Frameworks have been designed that allow non-AI bioscience domain experts—the helmsmen of the trinity—to combine data with deep learning to answer biomedical questions. An example is DeepRank, a general protein–protein interface analysis framework that outperforms the state-of-the-art algorithms in ranking protein docking models and in classifying biological versus crystallographic interfaces [13].

The alphafold2 experiment lent support to one of the classical ideas in biology that all the data needed to determine the three-dimensional structure of a protein is available in its sequence. Two decades earlier, Laerte Oliveira asked the question of whether the functional role of each amino acid could be extracted from an MSA [14,15]. He showed that this was indeed possible, but in those days, databases were small, computers were slow, and the term ‘deep learning’ still had to be invented. We show here, as an example of the fifth paradigm, that with deep learning, human domain knowledge, and a large set of MSAs, we can reconstruct Laerte’s proposed features to determine the functional properties per amino acid given a protein’s MSA.

The study of protein sequence–structure–function relations has always been a central theme of bioinformatics, and next-generation sequencing has only strengthened this interest. As there are many more protein sequences available than experimentally determined protein structures, multiple sequence alignments (MSAs) dominate this field, as is, for example, illustrated by information systems such as the GPCRDB [16,17] or 3DM [18].
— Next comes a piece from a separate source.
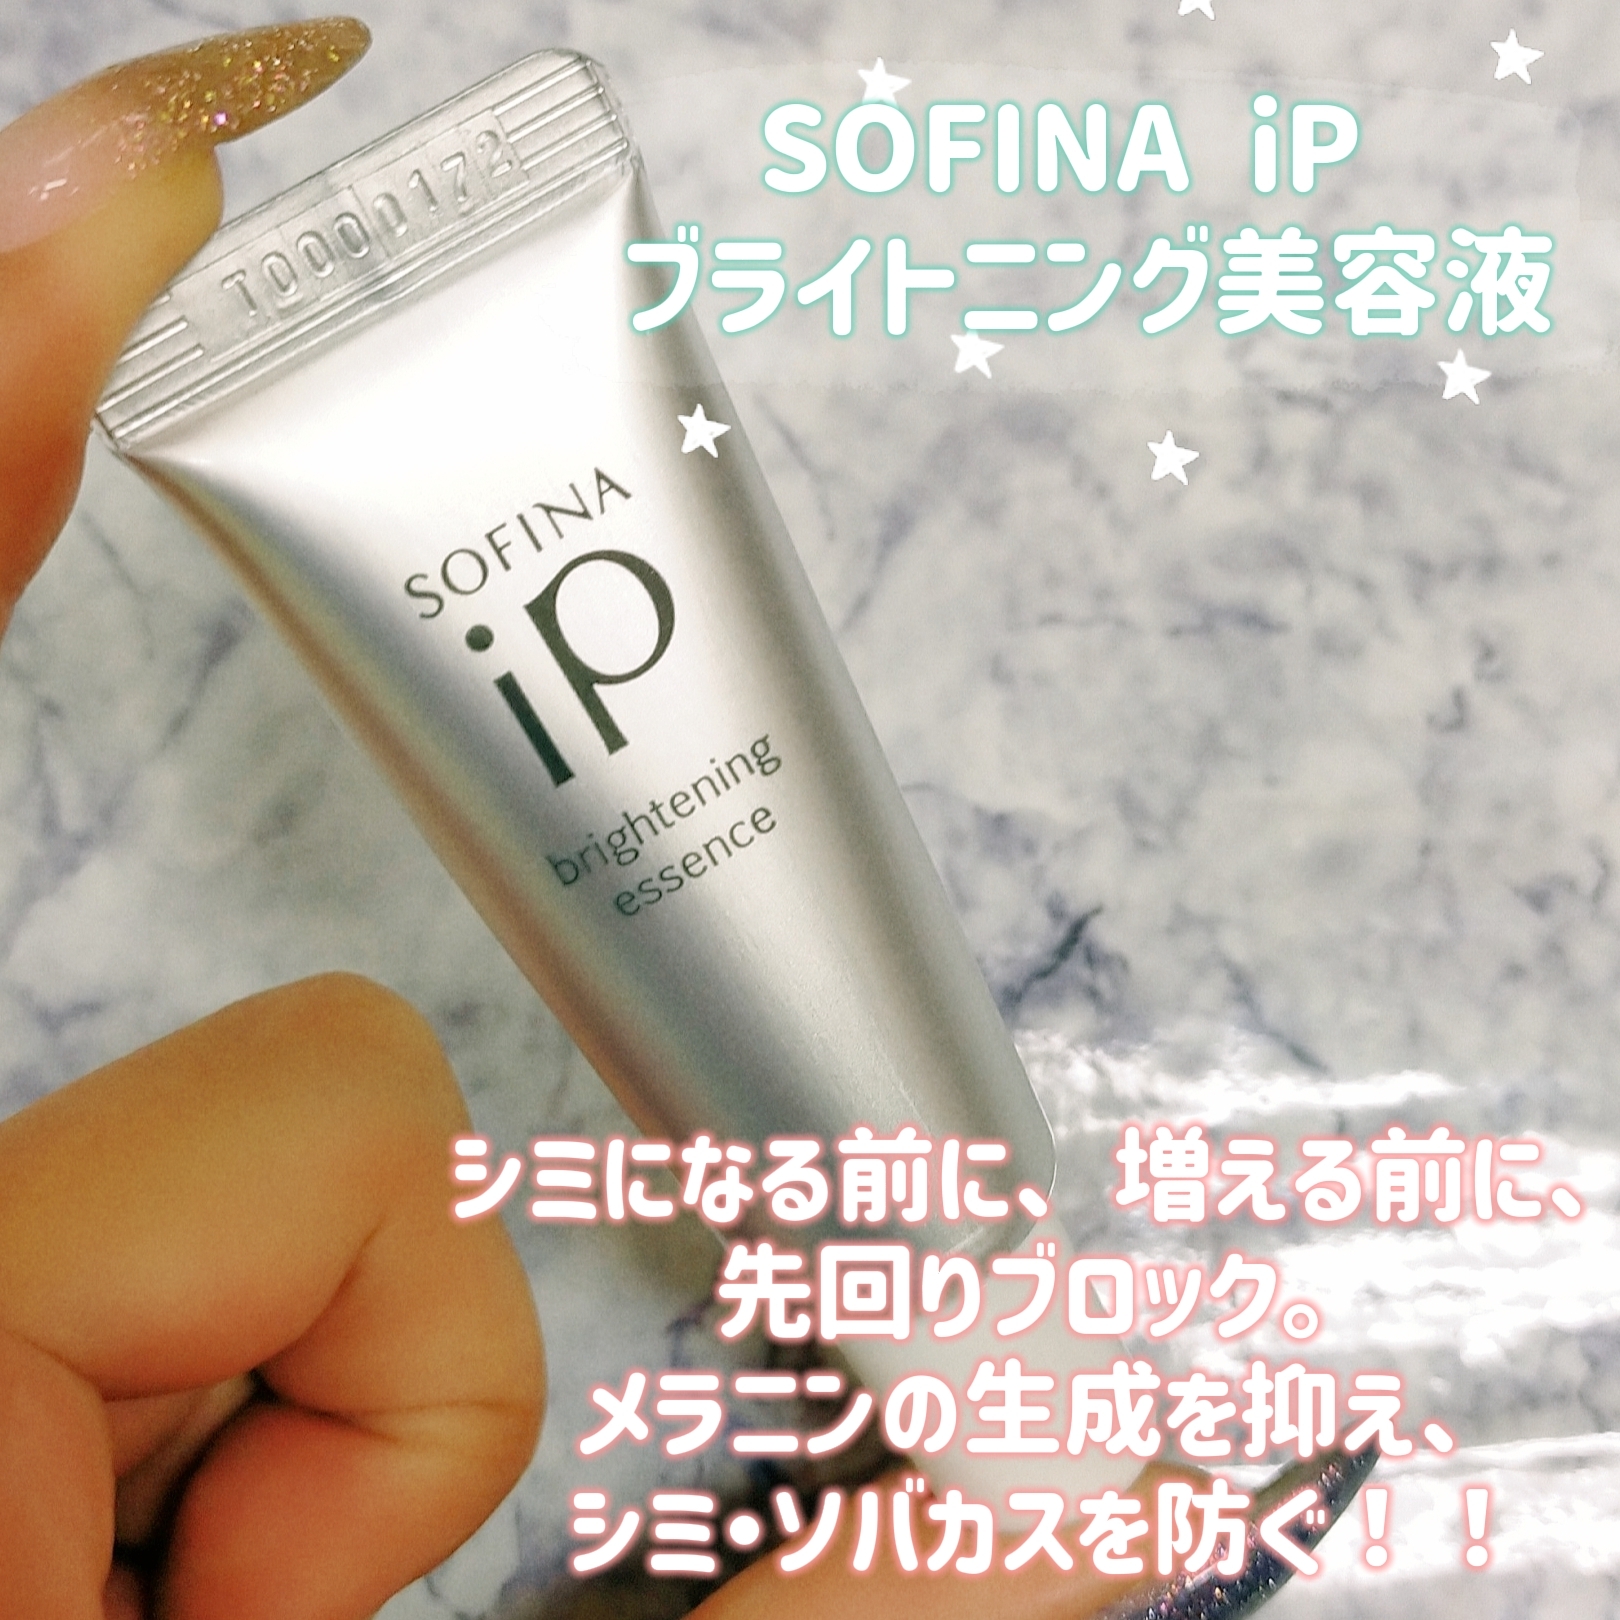 SOFINA iP(ソフィーナ アイピー) ブライトニング美容液の良い点・メリットに関するみこさんの口コミ画像1

Two principally different philosophies are in vogue to produce MSAs. Classically, MSAs are produced to best represent what happened to the underlying genes during evolution, and the more sequences that can be included, the more information that can be extracted. MSAs that are used in information systems for protein engineering, drug design, and DNA diagnostics, on the other hand, work best if they are centred on one sequence and if all aligned sequences are of similar length. Correlated mutation analysis (CMA) for the purpose of alphafold2-style structure prediction seems to work best using the broader MSAs [9,19,20], while protein engineering and the prediction of residue function normally require one-sequence-centred MSAs.
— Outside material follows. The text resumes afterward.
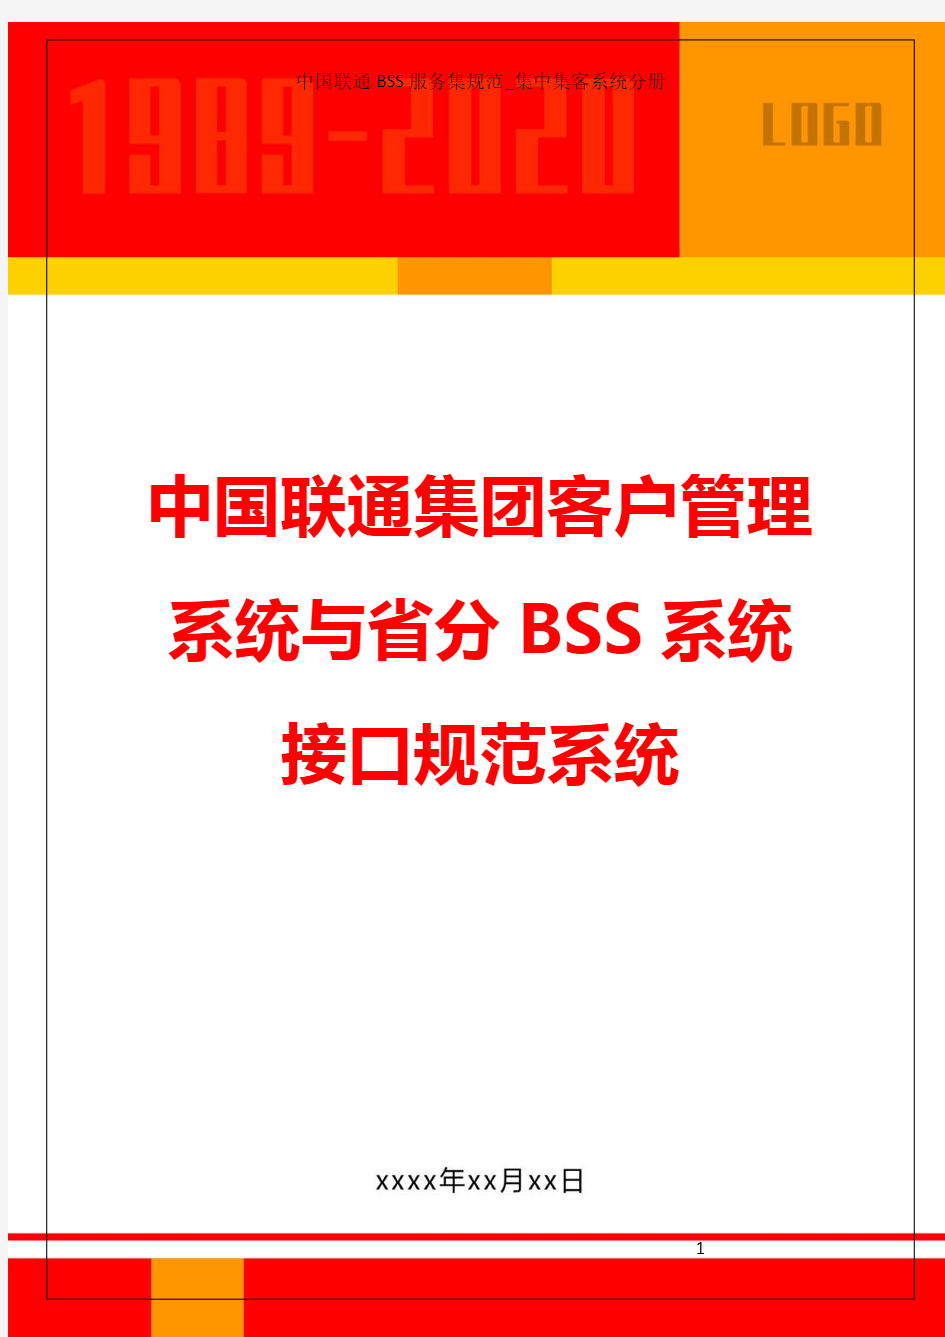 中国联通集团客户管理系统与省分BSS系统接口规范系统

The information extracted from MSAs is often visualized low-dimensionally using phylogenetic trees or networks of residues that show a high level of mutation correlation. In DNA diagnostics, for example, the degree of conservation at the amino acid residue position where the disease-causing mutation is observed is the single most important factor underlying all analyses [21]; a fully conserved residue position is very important, while a residue found in a maximally variable MSA column is unlikely to be causative for a patient’s disease state. The variability observed in a column in an MSA has been described in many ways, with the Shannon entropy (Σ_i=1,20 p_i × log(p_i) with p_i being the fraction of each of the 20 amino acid types i in column p in an MSA) probably being the most popular. Oliveira et al. [14,15] found large functional differences between columns with similar entropy but different numbers of observed residue types and introduced entropy–variability (EV) plots to combine these two features. These plots proved to be a powerful tool to learn about the function of individual residues.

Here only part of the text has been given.